The Department of Justice filed the brief in the ongoing legal case involving federal employee Karen Golinski. The brief argues that the federal court should not dismiss her claim that the Defense of Marriage Act is unconstitutional. Golinski is suing the government for equal access to health benefits for her wife in a legal battle that has spanned some two years.
The brief, filed on behalf of the Office of Personnel Management and other defendants in the case, begins by saying "Section 3 of the Defense of Marriage Act, 1 U.S.C. Section 7 ('DOMA'), unconstitutionally discriminates."
Earlier this year, Attorney General Eric Holder announced that the DOJ would no longer defend DOMA in court over the constitutionality of Section 3 in several cases challenging the law.
“The president and I have concluded that classifications based on sexual orientation warrant heightened scrutiny and that, as applied to same-sex couples legally married under state law, Section 3 of DOMA is unconstitutional,” Holder wrote in a letter to House Speaker John Boehner on Feb. 23.
The DOJ brief filed July 1 includes an extensive discussion of how the government, from the local to the federal level, has discriminated against gay people — including the September 2009 Atlanta Eagle raid as an example.
In December 2010, the city of Atlanta agreed to a $1.025 million settlement with numerous plaintiffs who sued the city in federal court alleging their constitutional rights were violated when APD Vice officers and members of the now disbanded Red Dog Unit raided the gay bar on Ponce de Leon Avenue, forced them to the floor, treated them roughly as well as hurled anti-gay slurs at them. The case is known as Calhoun vs. Pennington.
"State and local police also relied on laws prohibiting lewdness, vagrancy, and disorderly conduct to harass gays and lesbians, often when gay and lesbian people congregated in public," the DOJ brief states, citing legal cases and studies dated from 1964 to 1982.
"Similar practices persist to this day," it continues, citing the Eagle case, Calhoun v. Pennington, described as "involving September 2009 raid on Atlanta gay bar and police harassment of patrons."

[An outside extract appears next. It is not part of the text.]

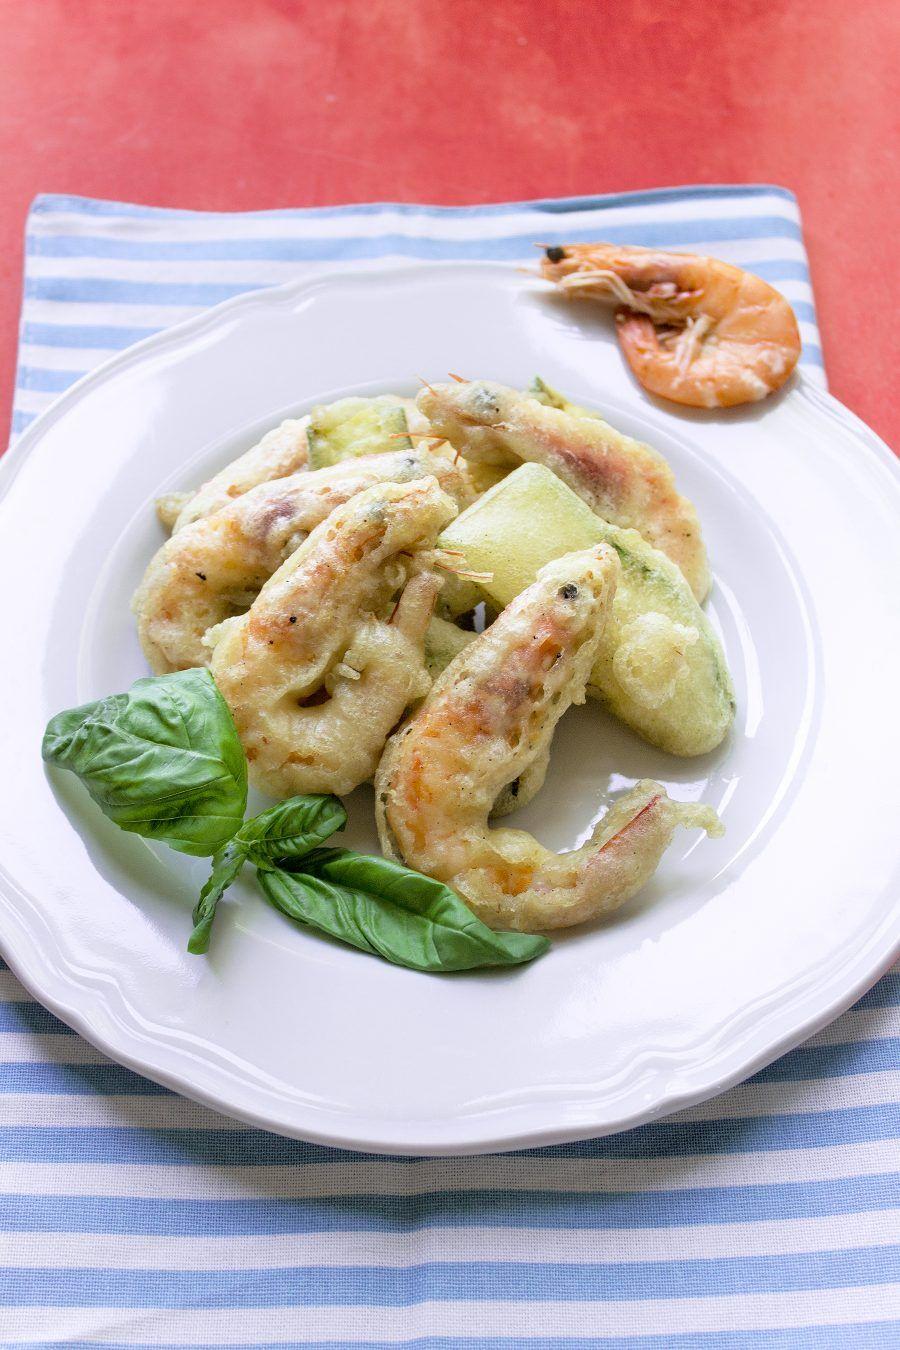 tempura-di-gamberetti-zucchine-4-contemporaneo-food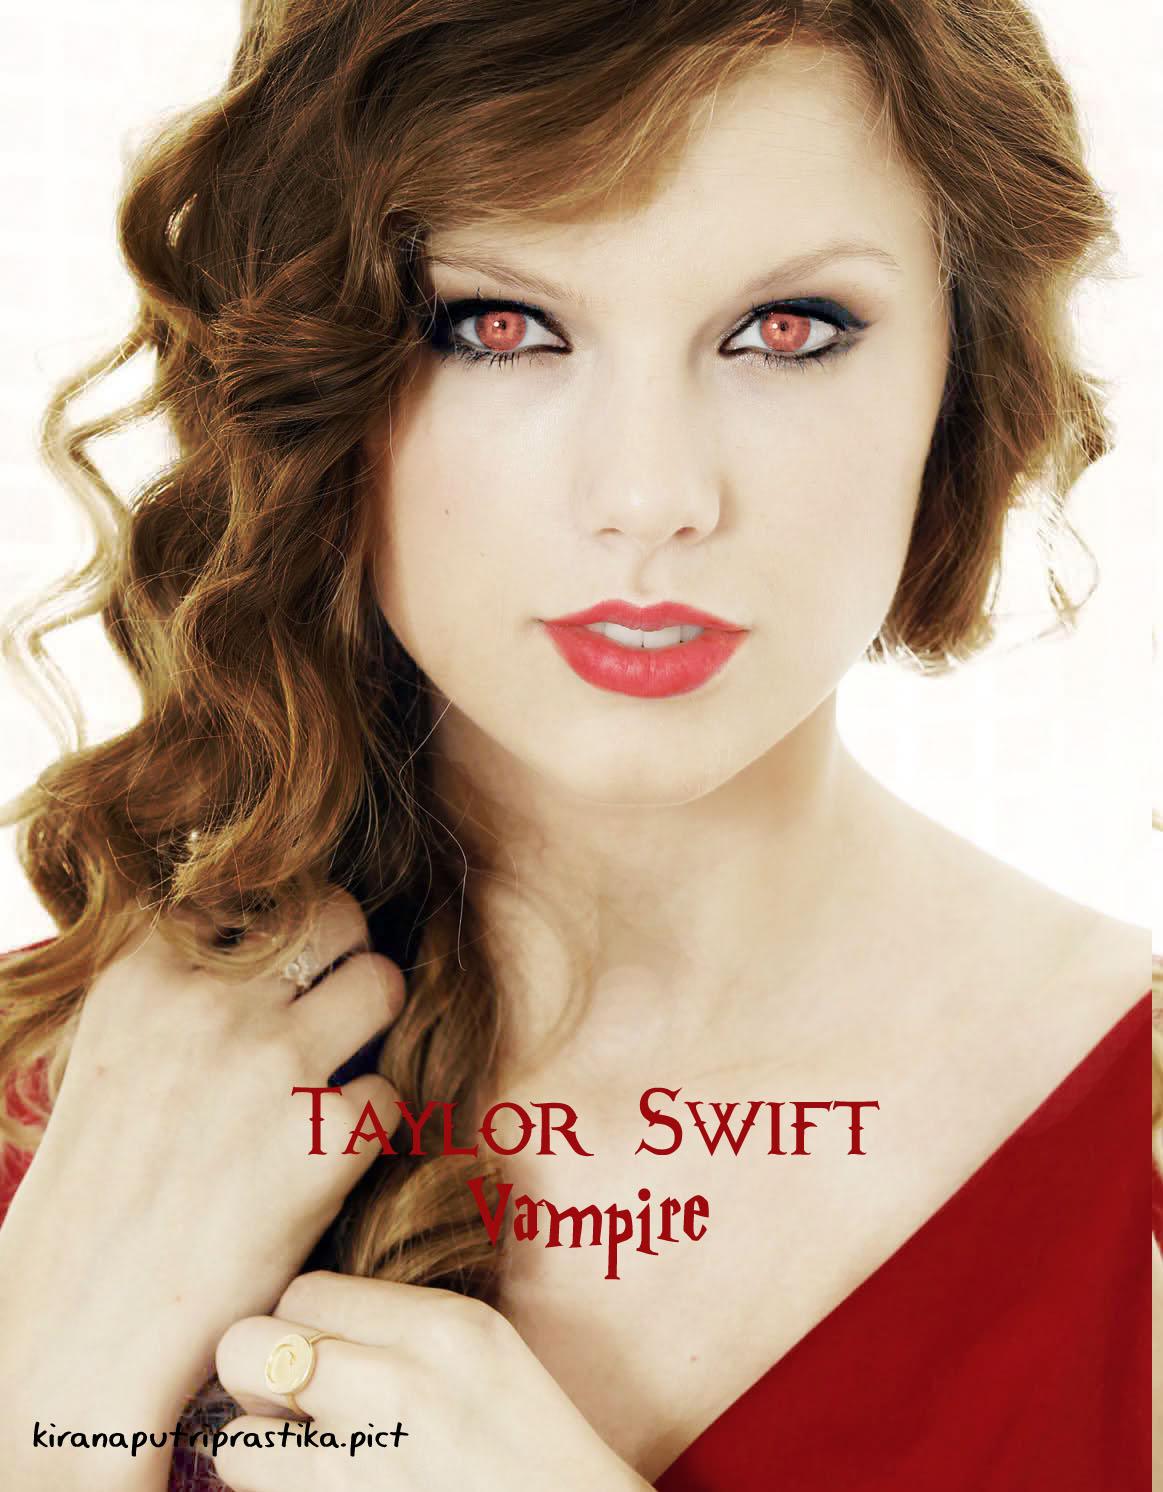 http://1.bp.blogspot.com/-OTZqIH6mDro/TaFycPorxmI/AAAAAAAAAP0/OBqYM0G7ulA/s1600/Taylor_Swift_Cool_00+copy.jpg

The brief also acknowledges that "the federal government has played a significant and regrettable role in the history of discrimination against gay and lesbian individuals," and admits that the Defense of Marriage Act was prompted by anti-gay bias.

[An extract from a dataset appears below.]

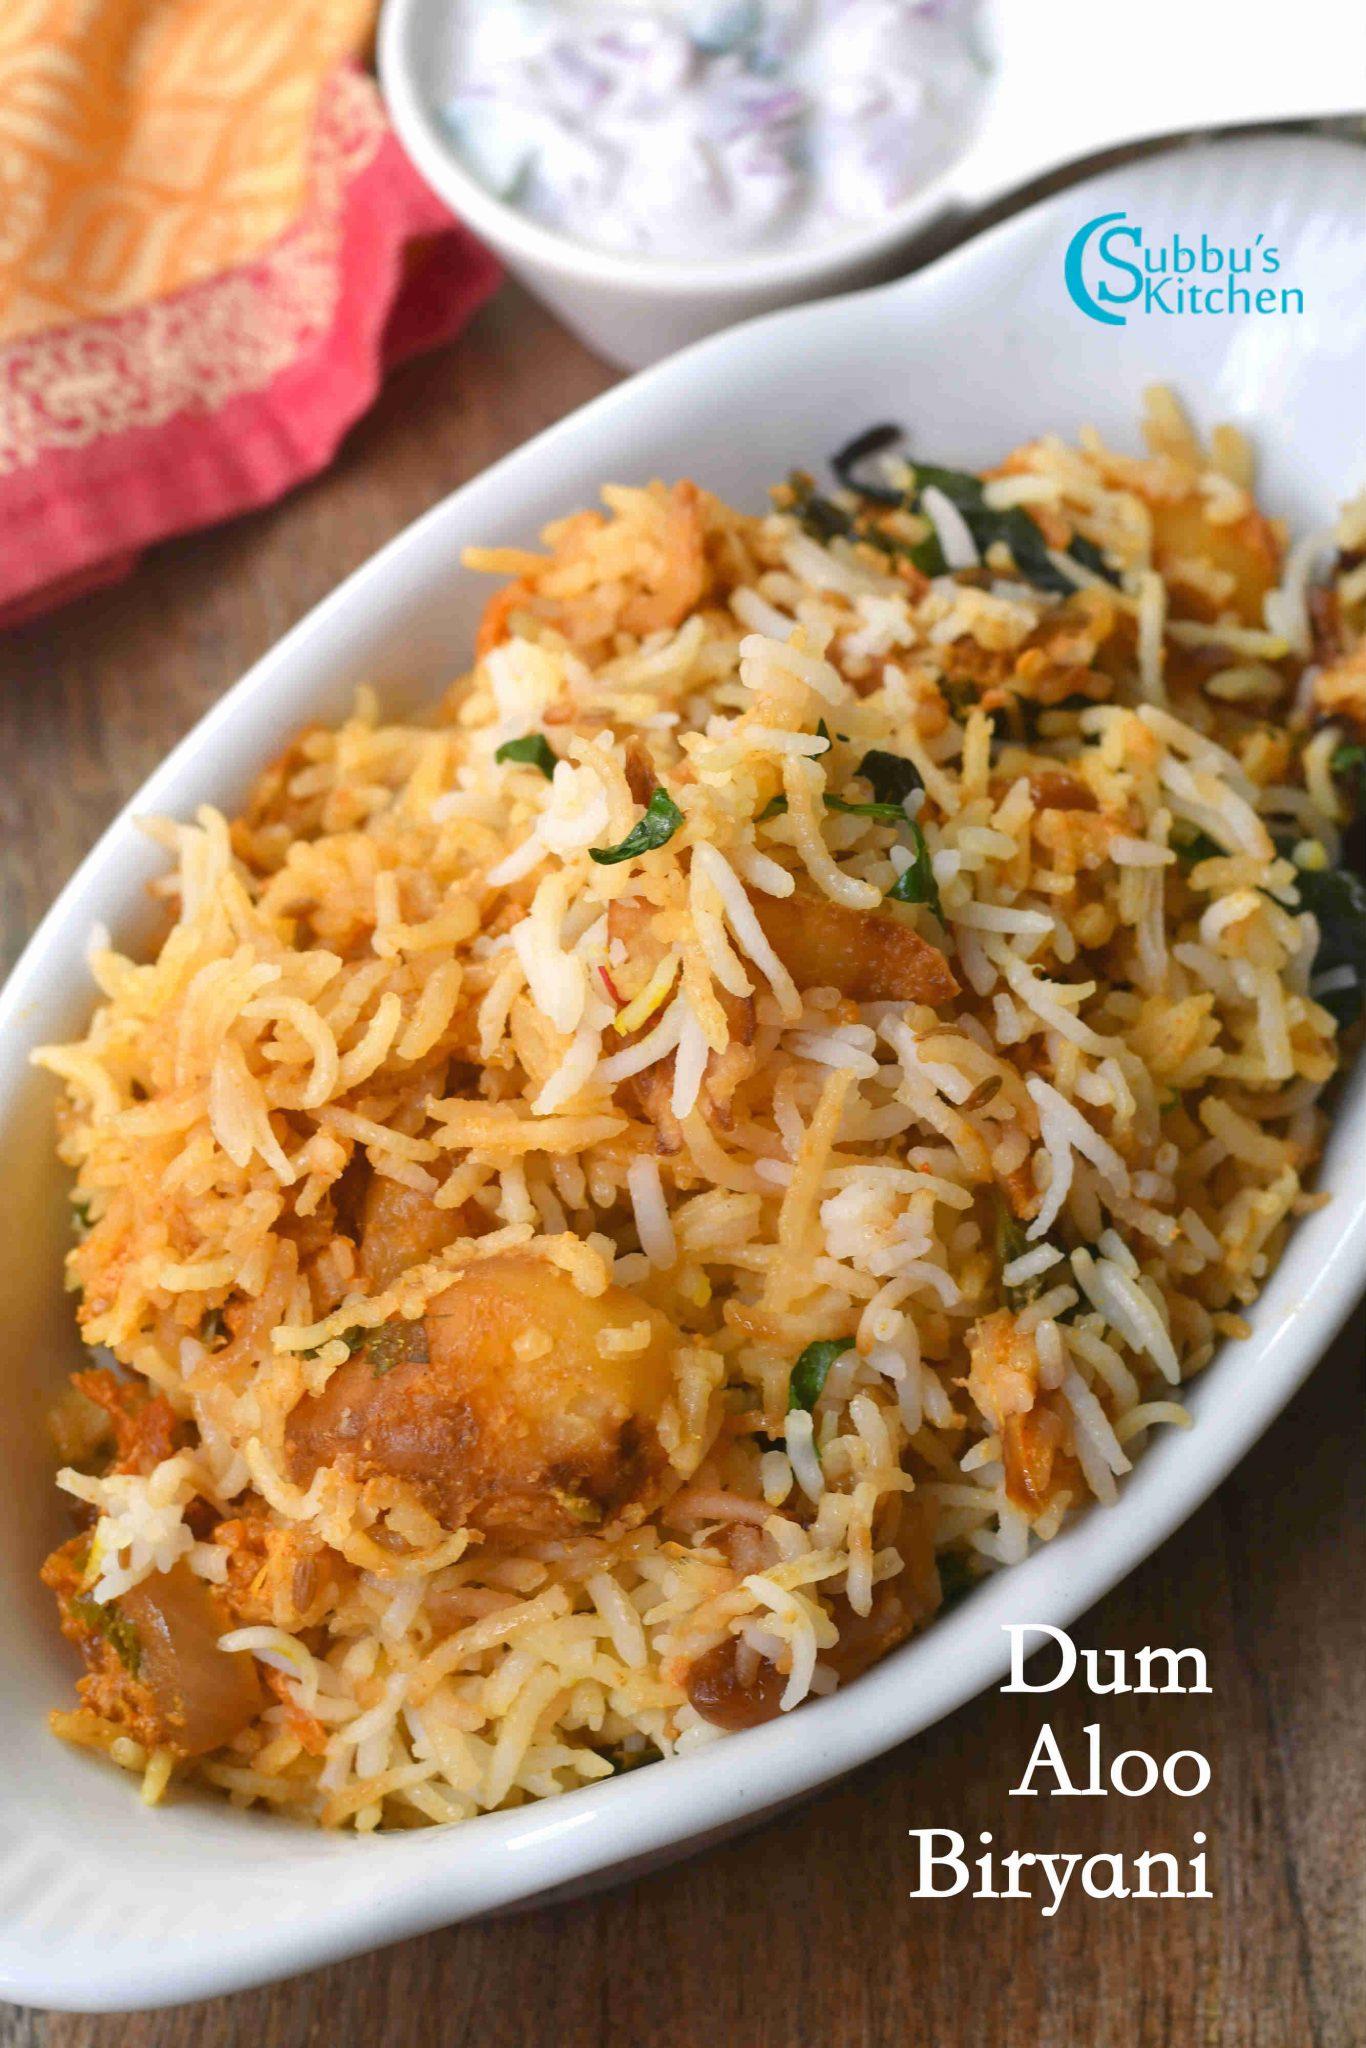 Aloo Dum Biryani | Dum Aloo Biryani Recipe - Subbus Kitchen

Lambda Legal Staff Attorney Tara Borelli, who represents Golinski, called the argument "an historic shift with enormous significance."
"As more courts adopt this analysis, DOMA will fall along with other laws that set lesbian and gay people apart for unequal treatment," Borelli said in a press release.
"After putting forth a thorough argument that laws that treat lesbian and gay people differently must be subject to heightened scrutiny, the DOJ concludes that DOMA fails to meet the required legal test and is unconstitutional," Lambda Legal noted in the press release.
Dan Grossman, who served as lead attorney for the Eagle patrons in cooperation with Lambda Legal and the Southern Center for Human Rights, today sent an email to supporters praising Lambda's role in both the Eagle and Golinski cases.
"The Golinski case was brought by Lambda Legal, and is another example of Lambda Legal's tireless efforts on behalf of equal rights for all, which also includes, of course, their participation in the Eagle Raid case itself," Grossman said.